Ordinanza di Cassazione Civile Sez. 3 Num. 22445 Anno 2025
Civile Ord. Sez. 3 Num. 22445 Anno 2025
Presidente: NOME COGNOME NOME
Relatore: COGNOME
Data pubblicazione: 04/08/2025
O R D I N A N Z A
sul ricorso n. 548/22 proposto da:
-) COGNOME NOMECOGNOME domiciliato ex lege all’indirizzo PEC del proprio difensore, difeso dagli avvocati NOME COGNOME e NOME COGNOME
ricorrente –
nonché da
-) COGNOME NOME COGNOME domiciliato ex lege all’indirizzo PEC del proprio difensore, difeso dagli avvocati NOME COGNOME e NOME COGNOME
ricorrente –
nonché da
-) COGNOME Paolo, COGNOME NOME COGNOME NOME, COGNOME NOME, NOMECOGNOME NOME, NOMECOGNOME NOMECOGNOME Giura NOMECOGNOME NOME, NOMECOGNOME NOME, Grande NOME, Grandi NOMECOGNOME NOMECOGNOME NOMECOGNOME NOMECOGNOME NOME COGNOME NOMECOGNOME NOMECOGNOME NOMECOGNOME La Rosa NOMECOGNOME NOME, COGNOME NOMECOGNOME NOME, NOMECOGNOME NOMECOGNOME NOMECOGNOME COGNOME NOME, COGNOME NOME, domiciliati ex lege all’indirizzo PEC del proprio difensore, difesi dall’avvocato NOME COGNOME
– ricorrenti –
Oggetto:
danno
da
tardiva
attuazione
direttive comunitarie in
tema
specializzazione
medicina
contro
-) Presidenza del Consiglio dei Ministri; Ministero dell’Università e della Ricerca; Ministero dell’Economia e delle Finanze, Ministero della Salute, in persona rispettivamente del Presidente del Consiglio dei Ministri e dei Ministri pro tempore , domiciliati ex lege all’indirizzo PEC del proprio difensore, difes i dall’Avvocatura Generale dello Stato;
– controricorrenti – avverso la sentenza della Corte d’appello di Roma 25 giugno 2021 n. 4689; udita la relazione della causa svolta nella camera di consiglio del 14 luglio 2025 dal Consigliere relatore dott.
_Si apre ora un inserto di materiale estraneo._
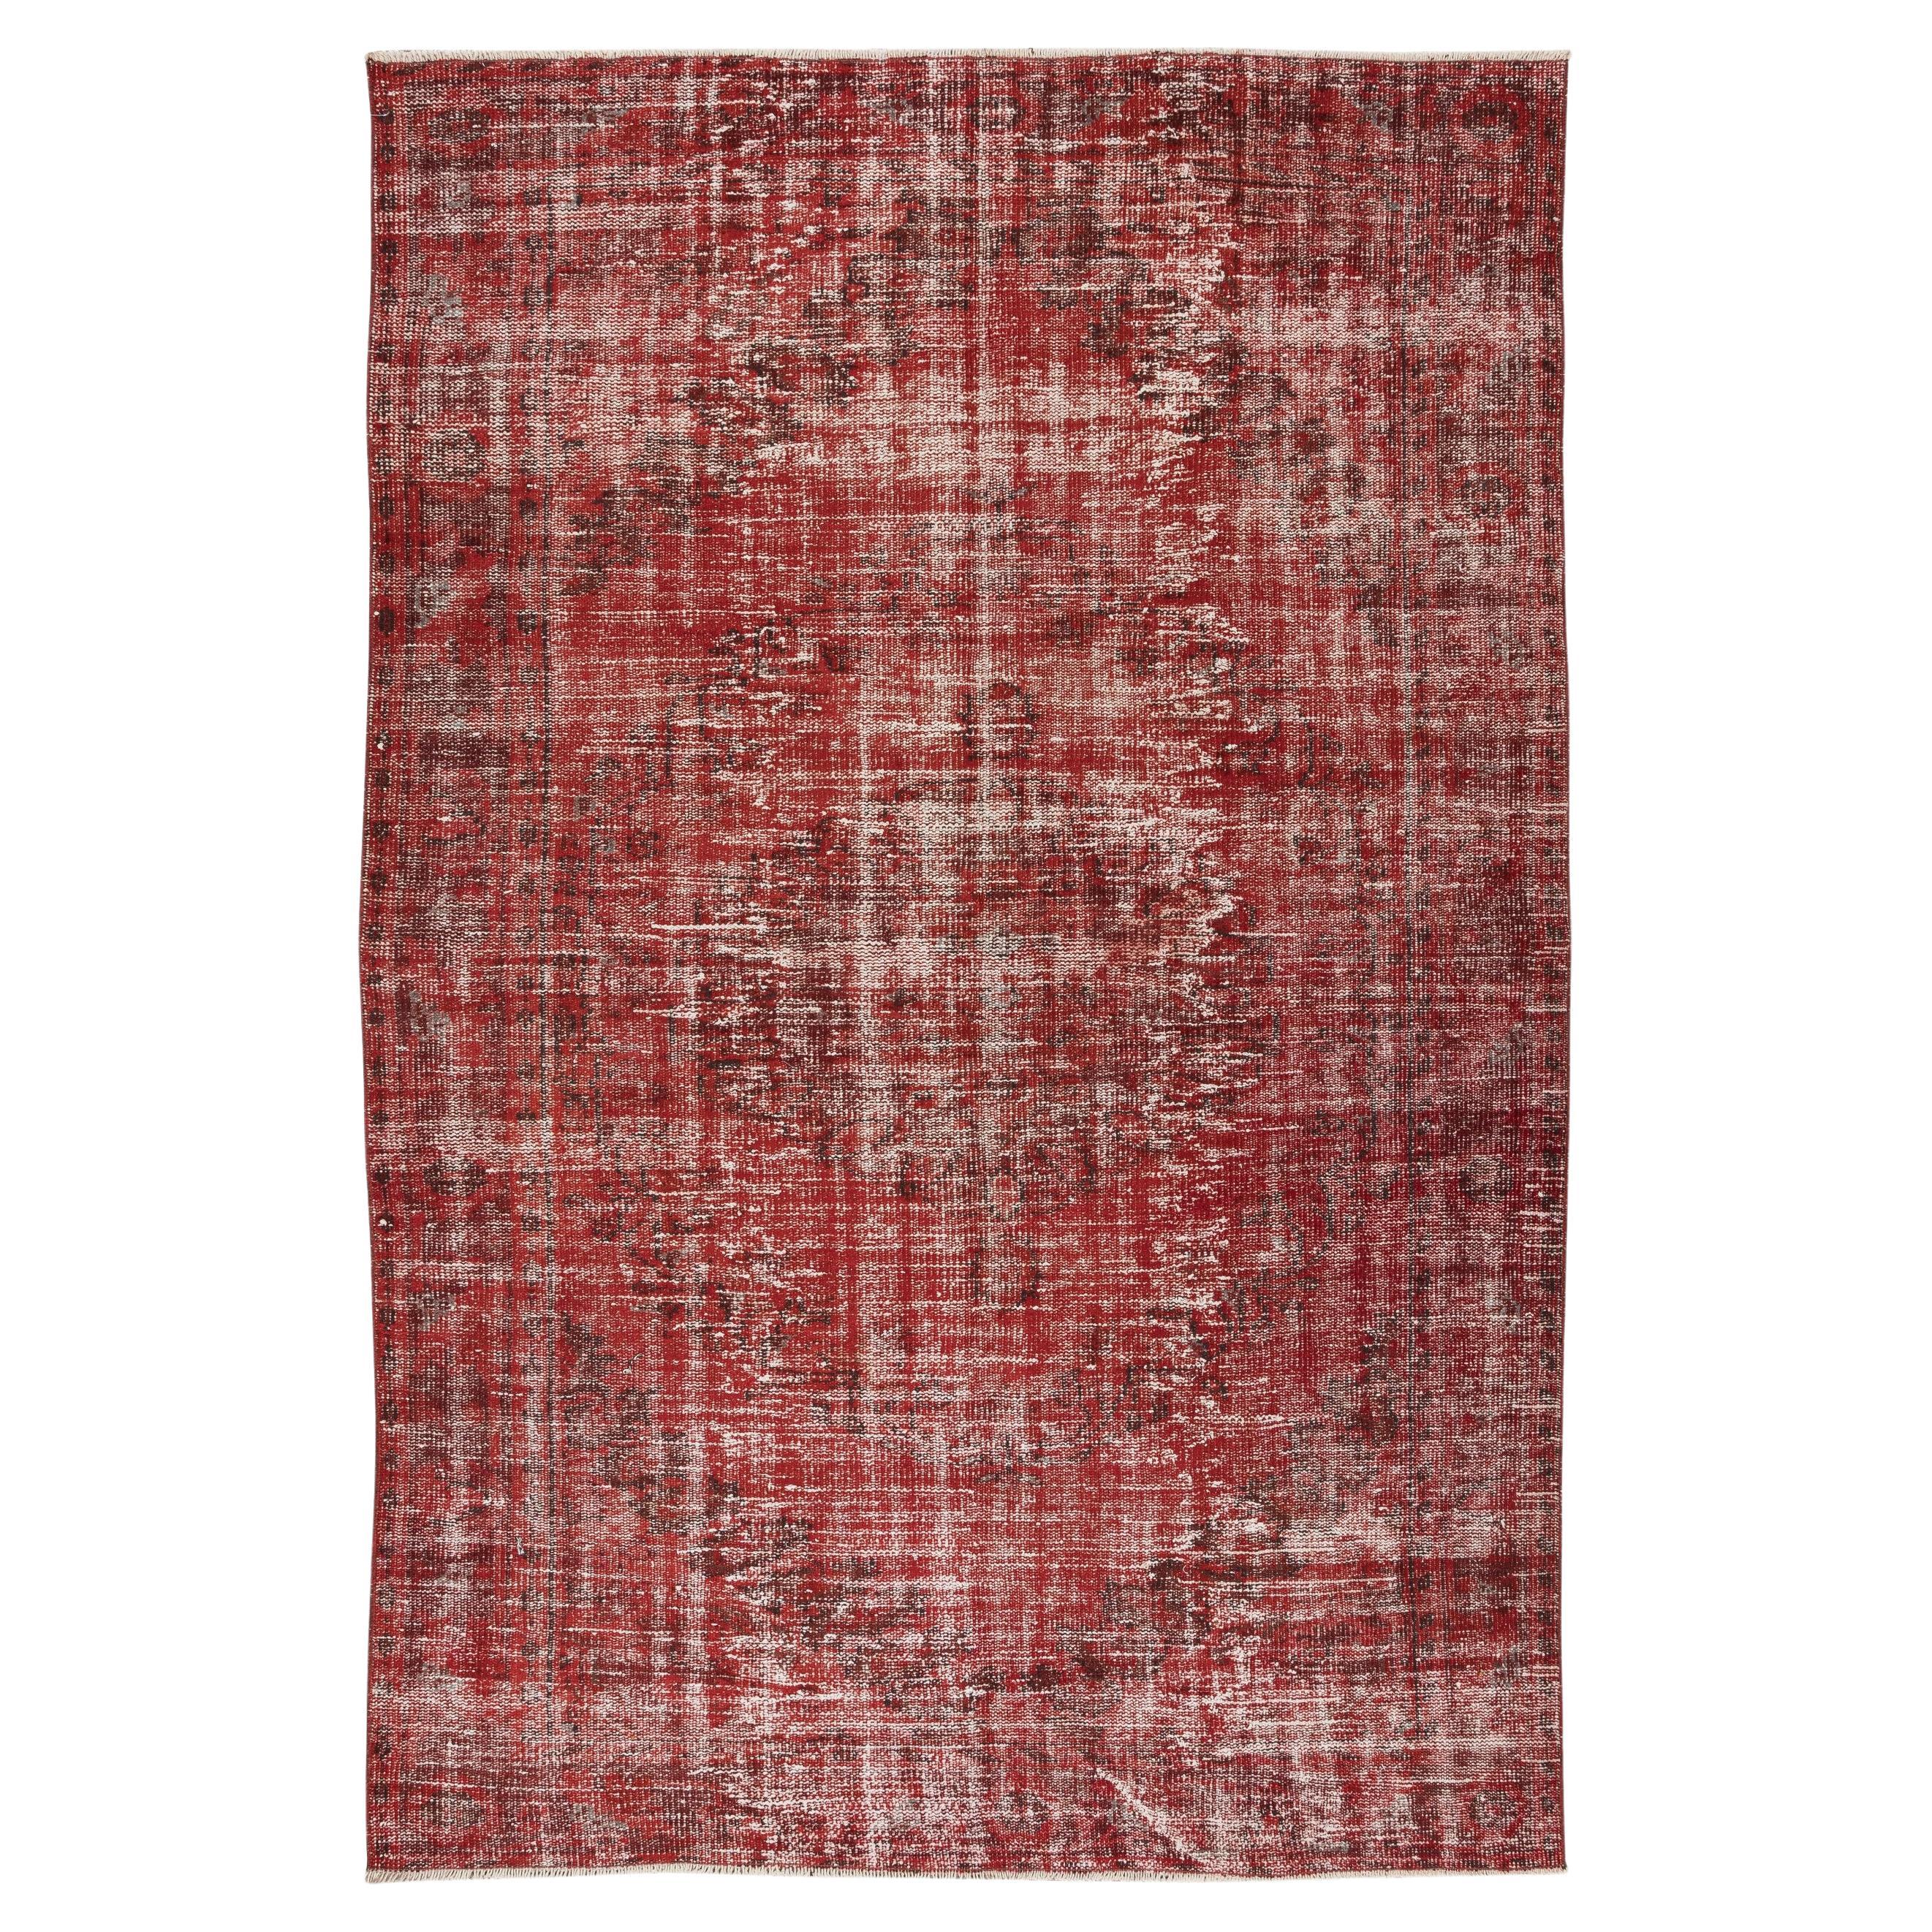 Handmade Shabby Chic Turkish Vintage Wool Area Rug in Burgundy Red For Sale

NOME COGNOME
FATTI DI CAUSA
Nel 2011 tutti gli odierni ricorrenti (unitamente ad altri soggetti, nel numero complessivo di quattrocentoottantaquattro) convennero dinanzi al Tribunale di Roma la Presidenza del Consiglio dei ministri, il Ministero dell’Università e della ricerca scientifica , il Ministero della Salute ed il Ministero dell’economia, esponendo che:
-) dopo avere conseguito la laurea in medicina, si erano iscritti ad una scuola di specializzazione, immatricolandosi in anni compresi tra il 1983 ed il 1991;
-) durante il periodo di specializzazione non avevano percepito alcuna remunerazione o compenso da parte della scuola stessa;
-) le direttive comunitarie n. 75/362/CEE e 75/363/CEE, così come modificate dalla Direttiva 82/76/CEE, avevano imposto agli Stati membri di prevedere che ai frequentanti le scuole di specializzazione fosse corrisposta una adeguata retribuzione;
-) l’Italia aveva dato tardiva e parziale attuazione a tali direttive solo con la legge 8.8.1991 n. 257.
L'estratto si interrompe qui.